As soon as they were set at liberty, Philip hurried his cousin out of the room, for Frederick was in that reckless condition that he dreaded what he might say or do to the coroner. Here they found that the body of poor Jenny had already been moved to an upper chamber by the orders of Mr Crampton, and was being prepared by women’s hands for its last receptacle. That she should have been touched without his authority made her husband furious.
‘Who has dared to do this?’ he exclaimed wrathfully, as he glared at Mr Crampton and Henry Hindes.
‘I have dared, sir,’ replied the father, determinedly. ‘You stole my living daughter from me, but you shall not have her now that she is dead! I have ordered, or rather my kind friend Hindes here has ordered, every preparation to be made for the conveyance of her precious remains to Hampstead, where I shall take her by train to-morrow, and there our connection ends. You have done me all the injury in your power, and I never wish to see your face again, either in this world or the next.’

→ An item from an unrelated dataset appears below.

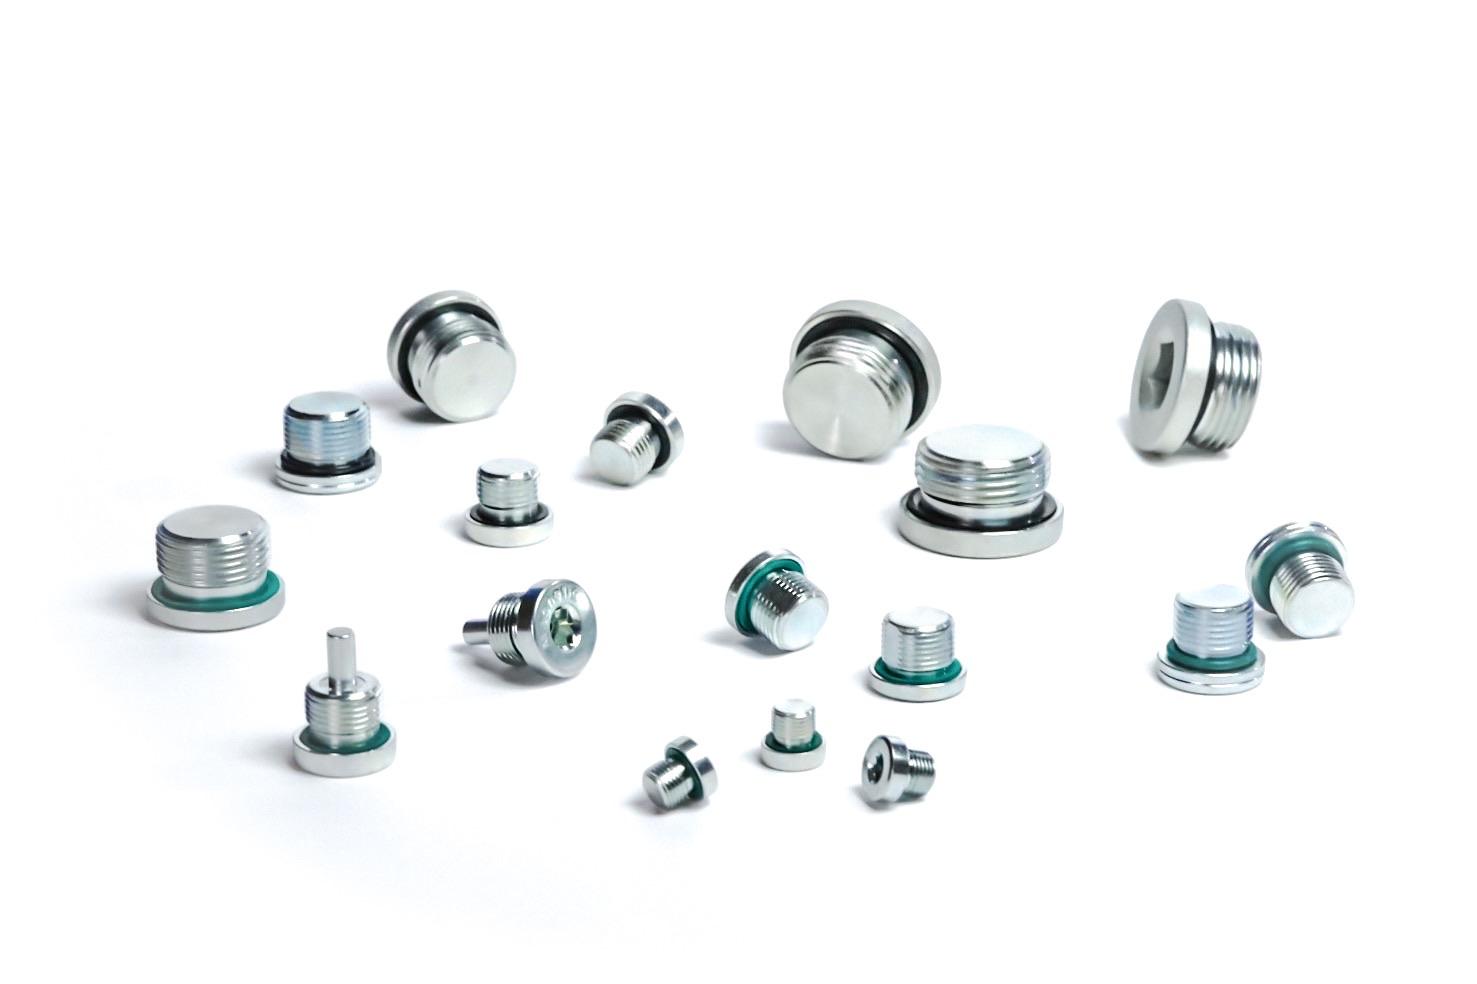 Verschlussschrauben - VSTI / DIN 906 / DIN 908 / DIN 910

‘But you shall not have her, I say,’ cried Frederick in a fury, ‘she was my wife, and I defy you to take her from me, dead or alive! I shall take her myself to my brother’s place in Northampton and see her laid in the family vault of the Walcherens’. That is the only place where my wife shall lie.’
‘She was not your wife,’ exclaimed the old man; ‘you married her under false pretences, and if you attempt to cross me in my purpose I will appeal to the law to see me righted, and give me back all that your villainy has left me of my child.’

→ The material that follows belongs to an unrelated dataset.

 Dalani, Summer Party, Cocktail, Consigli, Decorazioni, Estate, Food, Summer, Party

‘By Heaven you sha’n’t!’ said the younger man, as he made a rush forward as if he would have seized Mr Crampton by the throat; ‘if you persist in your intention I will fight you inch by inch, old man as you are, for the possession of her remains.’
‘Frederick!’ interposed Philip, restraining him, ‘think what you are saying and doing. Is such wrangling seemly in the very presence of the dead? You know what this gentleman says is the truth. You did rob him of his daughter, and by a fraud. In strictest justice, therefore, she belongs to him now, as she did whilst alive. But even were it not so, cannot you make up your mind to yield your wishes to his? Think of all he has lost, of how little he has remaining, and don’t deny him this sad consolation of laying his daughter to rest where he can see her grave. It is really of so little consequence when you come to think of it! And if it is a sacrifice on your part, cannot you make it as a little expiation for what has gone before, an atonement which Heaven may accept for the wrong you did them both. Be reasonable, Fred! After to-day neither you nor her father will ever see her in this world again. Why deny him the sorry comfort of taking her body home for her poor mother to weep over? Come, my dear fellow, yield this little point gracefully. I fancy your dear young wife, could we ask her, would rather choose to lie at Hampstead amongst the flowers than in our musty old vault at Northampton, where you never go.’
Frederick gave a tremendous gulp.
‘Perhaps so,’ he answered, ‘perhaps so.’ Then to Mr Crampton, ‘Take her, sir, then, take my angel back to her own people, but let me bid her a last farewell before she is carried away from me.’
‘Certainly, certainly,’ said Mr Crampton, shamed out of his brawling manner by the other’s submission, ‘and I thank you for yielding the point, but I feel it is my right—the only right, unfortunately, which you have left me.’